Sunday, June 10, 2012

Almond and Hazelnut Cookies


It's possible that in my recent attempt to cut back on sugar and white flour, I'm actually baking more. We're funny creatures, aren't we? Needing to fill some kind of self-imposed gap, I'm constantly thinking of ways to make cookies, cakes, loaves and others desserts with sugar and flour substitutes. My plan to cut back on sweets may be backfiring. Here's another no white sugar, (*almost) no white flour recipe. And in case you are one of those devotees of old fashioned baked goods who is thinking, "I'm not interested in some substitute for a real cookie", I shall include this short quote:

My tester/husband, always happy to taste and give his honest opinion, said, with unrestrained enthusiasm, the following: "This is possibly one of the best cookies I've ever eaten!"

I said, "Can I quote you on that?"

He said, "Yes, and you can also quote me as saying I'll have another one" as he turned and made his way back to the kitchen.

(He has to dilute with 'possibly' and 'one of' because his mom is a MASTER baker and he's a good son.)

Wanting follow up praise and fodder for the blog, I pushed for more compliments..."What do you like about them?"

His reply: "They're only as much of a cookie as they need to be to get the job done."

Well, I consider that a success, because "the job" was satisfying our sweet teeth in our "no sugar" universe. Mission accomplished.

Almond and Hazelnut Cookies     
(recipe inspired by Algerian Almond Cookies)
Makes 16 cookies

1/2 cup of ground hazelnuts (about 1 cup whole)
1 cup of ground almonds (about 2 cups whole)
2/3 cup of honey
2 tablespoons of lemon zest
1 egg white
1/2 cut of all-purpose flour for rolling out cookies (*almost flourless)

Preheat oven to 350 degrees F. In batches, grind hazelnuts and almonds in a blender or food processor until you have the correct amount of ground nuts. In a medium bowl combine nuts, honey and lemon zest. Add slightly beaten egg white and mix well. If the mixture seems too wet, grind and add more nuts until you have a thick paste.


Generously sprinkle a work surface with the flour and roll the dough into two long thin logs (about 8-10 inches long and about an inch in diameter). Use just as much flour as you need to stop the dough from sticking. Press each log to about 1/2 inch flat. Cut cookies about 1 1/2 inch wide on the diagonal. (Your cookies will be roughly diamond shaped.)

Line a cookie sheet with parchment paper and lightly dust the cookies with flour.

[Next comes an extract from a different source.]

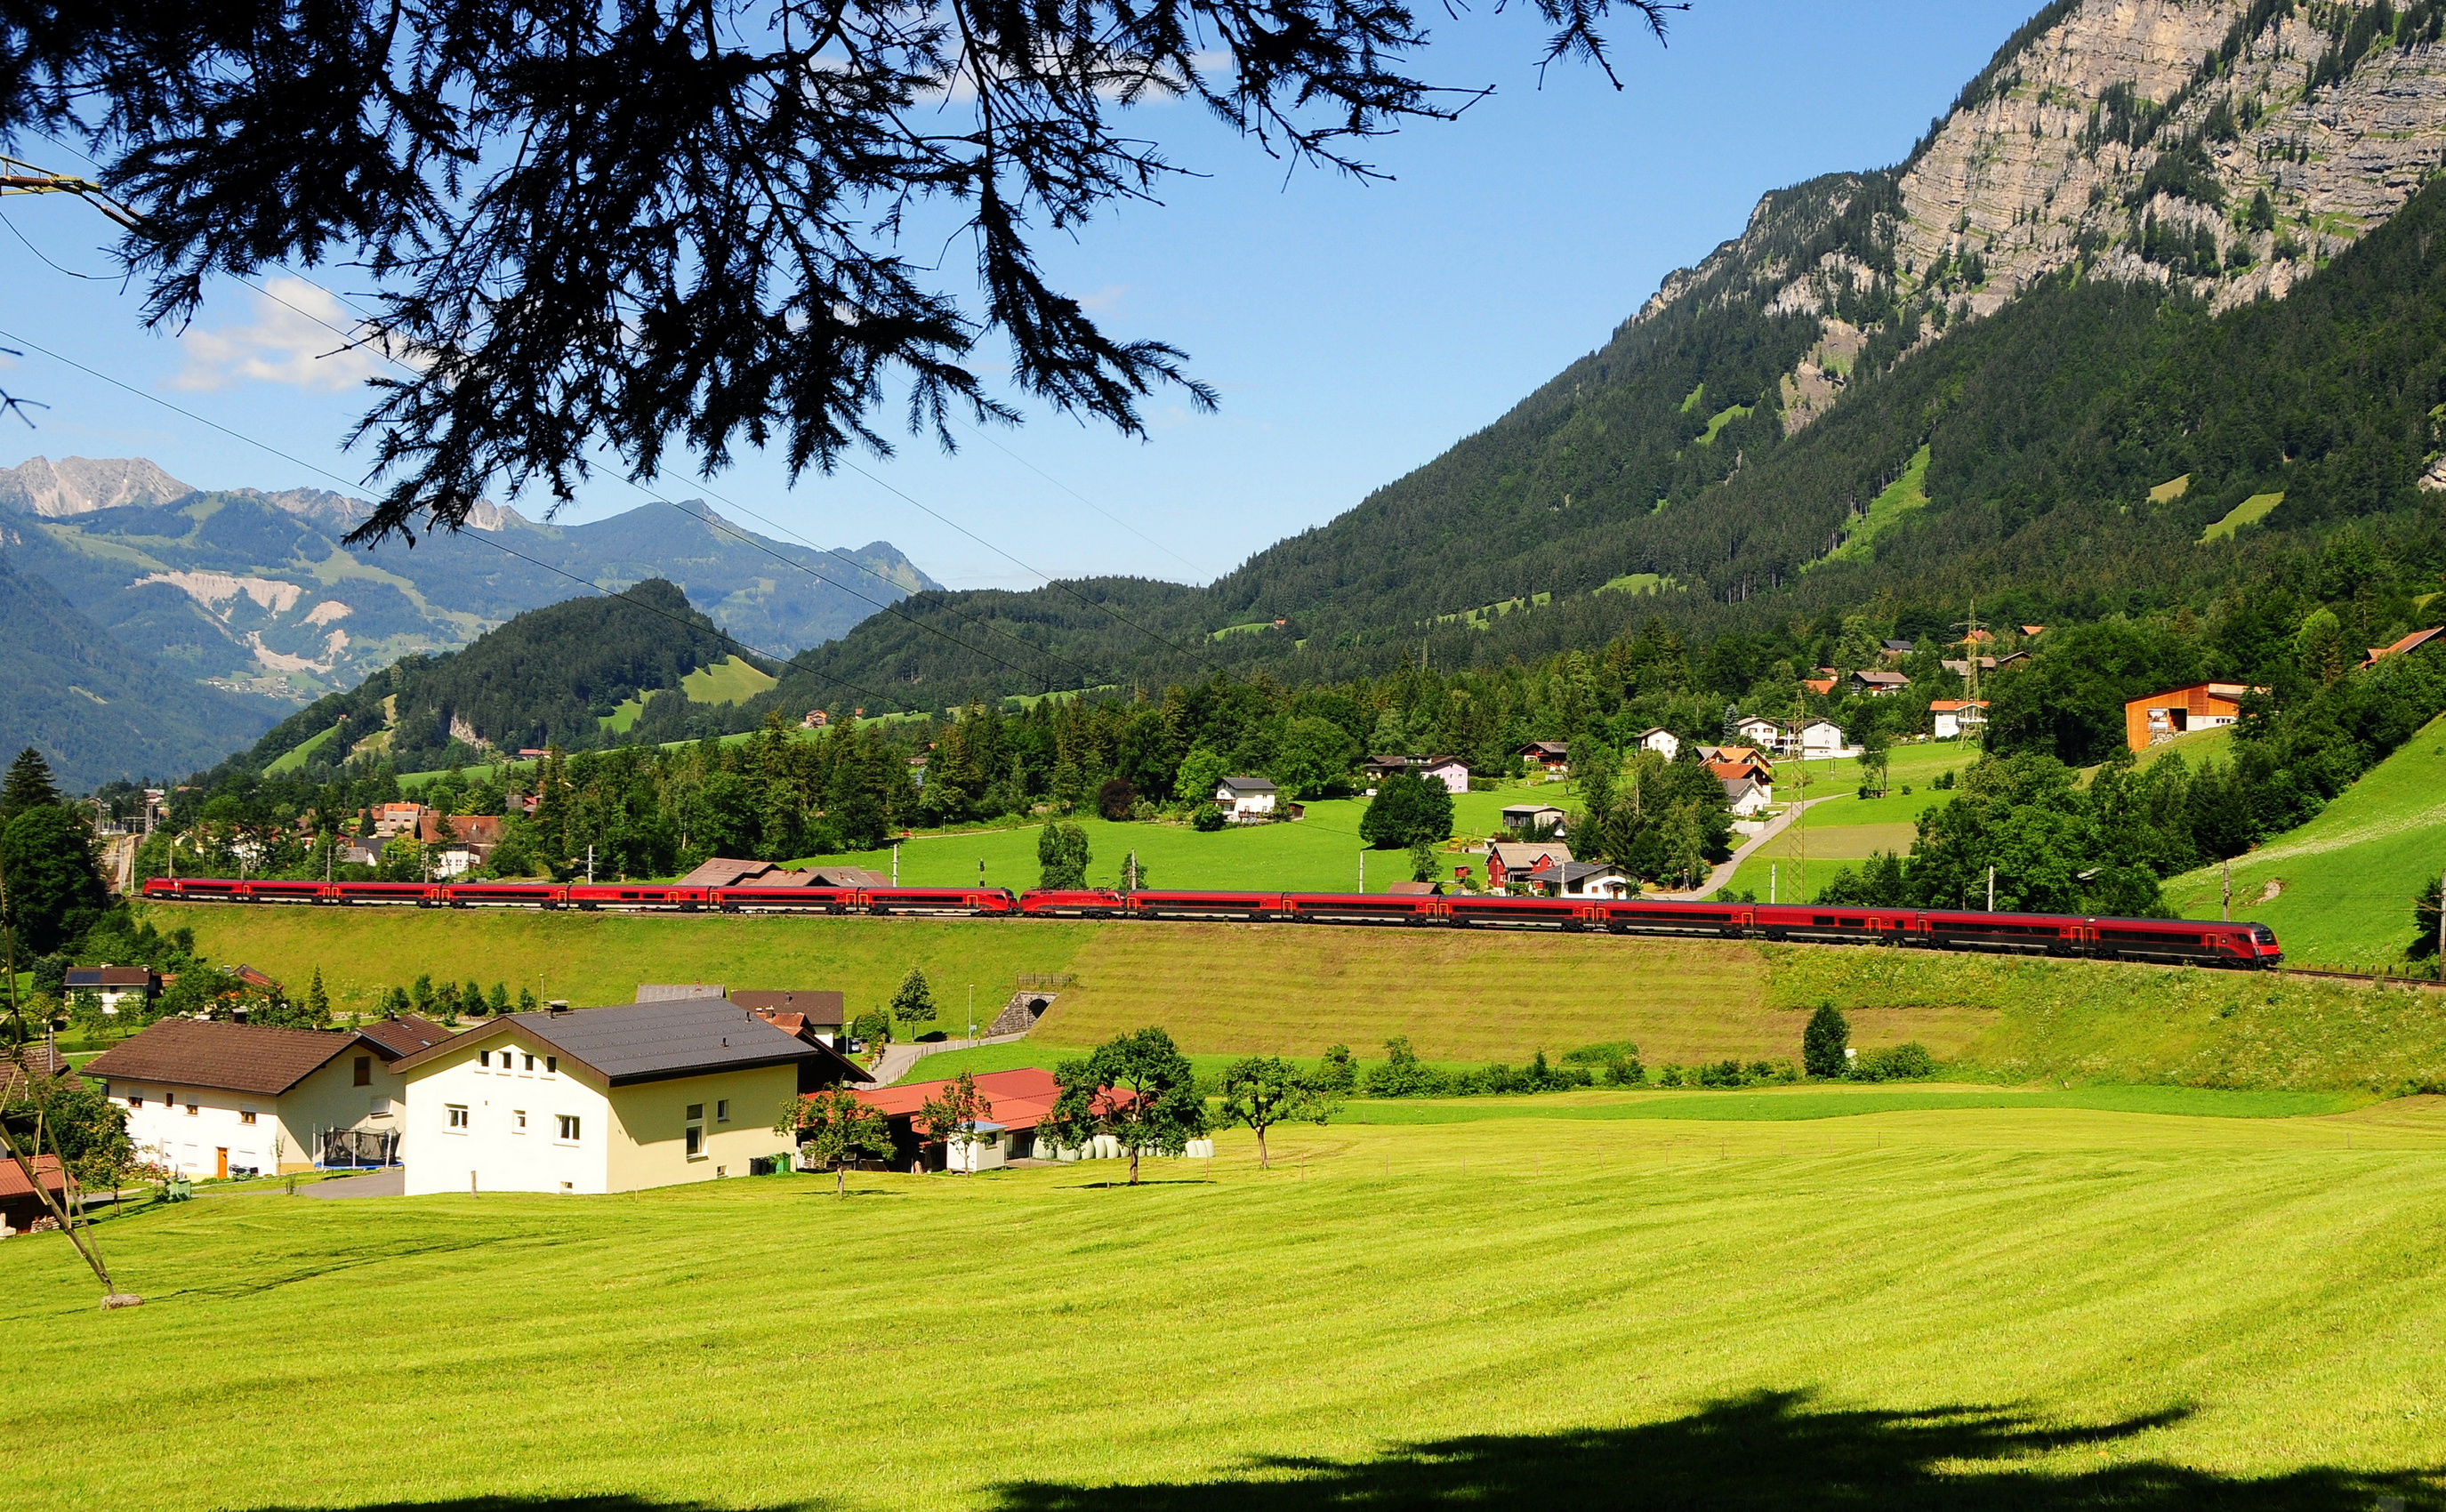 austria, nature, trees, grass, mountains 32K

Bake at 350 degrees F until just browned, about 15 minutes. Cool on a wire rack. Your finished cookie will be chewy and can keep in an airtight container for up to one week.


 

Tuesday, June 5, 2012

Polenta with Rapini

So easy and yet so good. If you can handle stirring for 10 minutes straight, you can make this. That's really all there is to it. It's one of my favourite make ahead dishes. You can add any vegetable you like, but I love it with rapini (aka broccoli rabe) because rapini is just so mean and cranky. Just kidding...I mean bitter.

It's really tasty warmed up with some spicy tomato sauce on top, but a cold wedge straight out of the fridge is good, too.

Polenta with Rapini

1 cup of organic cornmeal (I like organic 'cause it is untreated with pesticides and non-GMO)
1 head of rapini
1/2 teaspoon of salt
2 tablespoons of olive oil
1 cup of cold water

Preheat oven to 350 degrees F.

Wash and chop rapini, removing the woody ends of the stalks. In a large frying pan, sautee the rapini in 1 tablespoon of olive oil, just until wilted, but not crisp. Sprinkle with a bit of salt to taste. Set aside.

Grease a pie plate with 1 tablespoon of olive oil and set aside. Bring 2 3/4 cups of water to boil in a medium sized pot. Meanwhile, in a mixing bowl, combine cornmeal and 1 cup of water and 1/2 teaspoon of salt. Slowly add cornmeal to the boiling water, stirring constantly. Reduce heat to low and continue to stir, until mixture is very thick...at least 10 minutes. Add rapini to the cornmeal mixture and immediately pour into the pie plate, spreading as evenly as you can. (The mixture will start to get thicker and harder to work with as it cools.) If you like, brush a bit more oil on the top and bake for about 20 minutes, until the polenta is hot and set. If you add the oil to the top, it will start to get just a bit crispy, too. Remove from oven and cool to room temperature, then refrigerate. Serve hot or cold.